CoSA is a scheduler for spatial DNN accelerators that generate high-performance schedules in one shot using mixed integer programming (MIP). For more details, please refer to:

CoSA leverages the regularities in DNN operators and hardware to formulate the DNN scheduling space into a MIP problem with algorithmic and architectural constraints, which can be solved to automatically generate a highly efficient schedule in one shot.

Our transaction-based NoC simulator for evaluating various mappings can be found here. It is developed in SystemC and Python and uses the HLS router design from Matchlib.

Installation

  1. Obtain a Gurobi license (see here for instructions on obtaining one for free if you're an academic). You do not need to download or install Gurobi itself. Once you have a license, download and extract the Gurobi license manager, then run the grbgetkey executable, supplying your license key when required. If you select a non-default location for the license file, specify the location of the file using:
export GRB_LICENSE_FILE=/path/to/gurobi.lic
  1. Timeloop (optional - can be skipped if you only want to run the scheduler, without Timeloop benchmarking): Please refer to the instructions in the Timeloop Tutorial to install Timeloop with Docker.

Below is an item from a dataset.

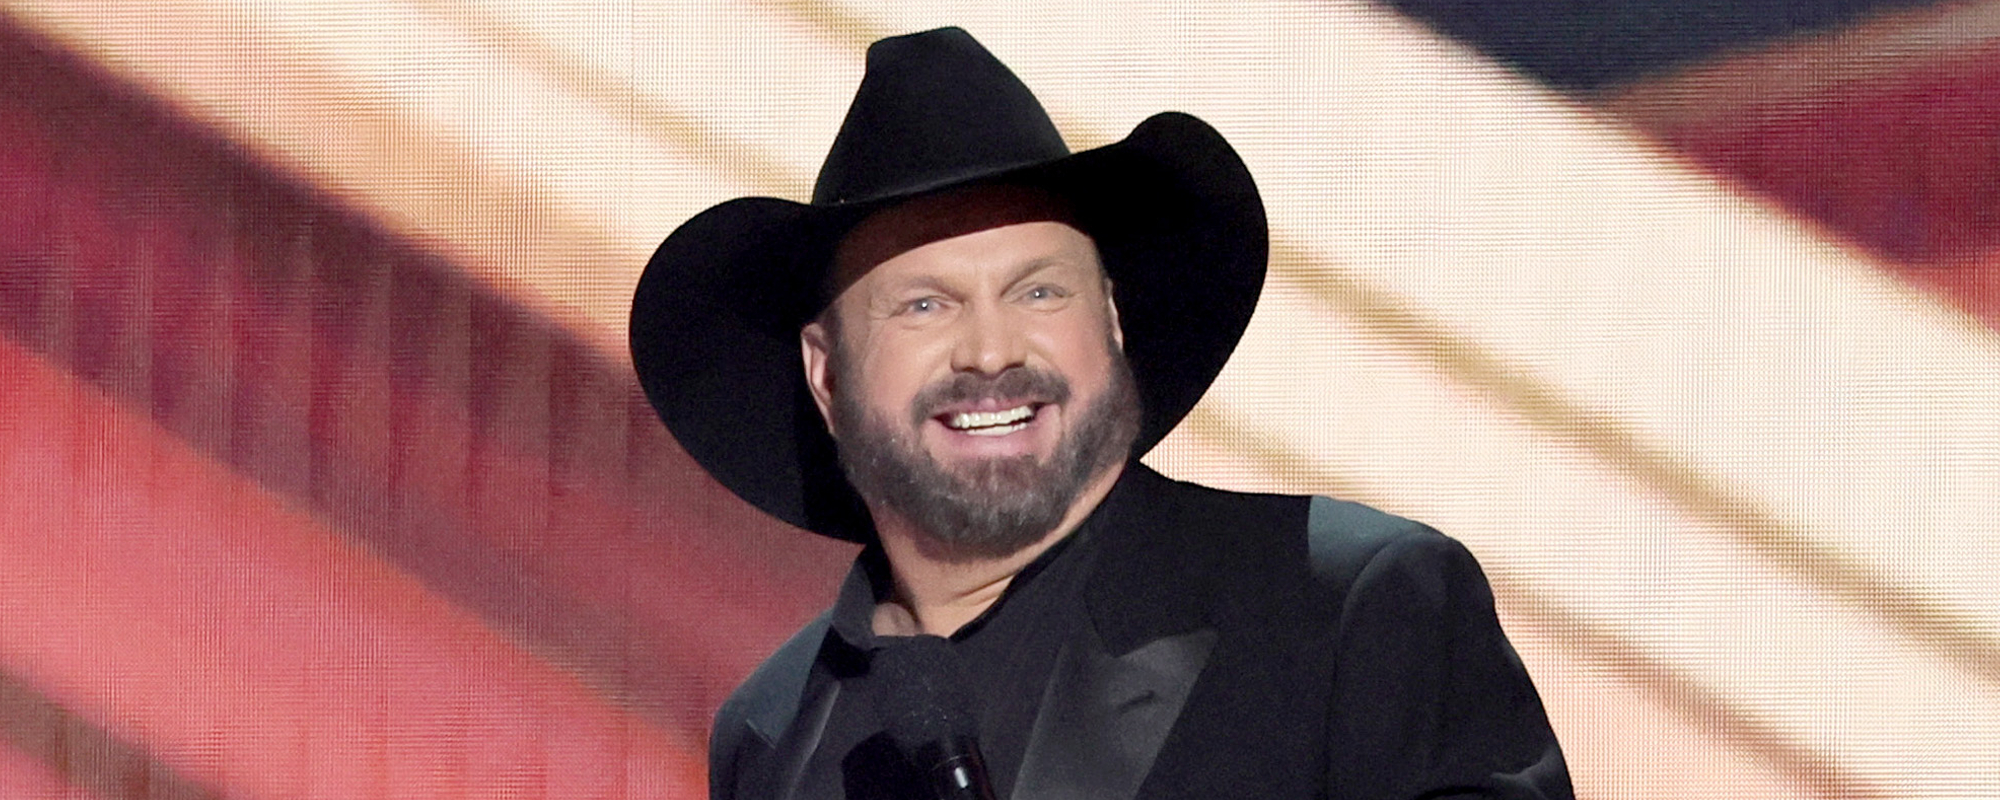 Remember When: Garth Brooks Channeled His Sex-Addicted Rock Alter-Ego Chris Gaines

To install from source code please, follow the instructions in Timeloop Github. The specific Timeloop version used for CoSA evaluation is commit 019f107.
  2. Download and install CoSA:
pip install cosa-scheduler

To install manually:

git clone https://github.com/ucb-bar/cosa.git 
python -m venv $HOME/.venv/cosa
source $HOME/.venv/cosa/bin/activate
python -m pip install -U pip
python -m pip install -e cosa

Alternatively, if using poetry:

poetry init
poetry add cosa-scheduler
# run this instead for git version
# poetry add git+https://github.com/ucb-bar/cosa.git#main
poetry shell

Run CoSA

To run the sample schedule, simply run: cosa from the command line.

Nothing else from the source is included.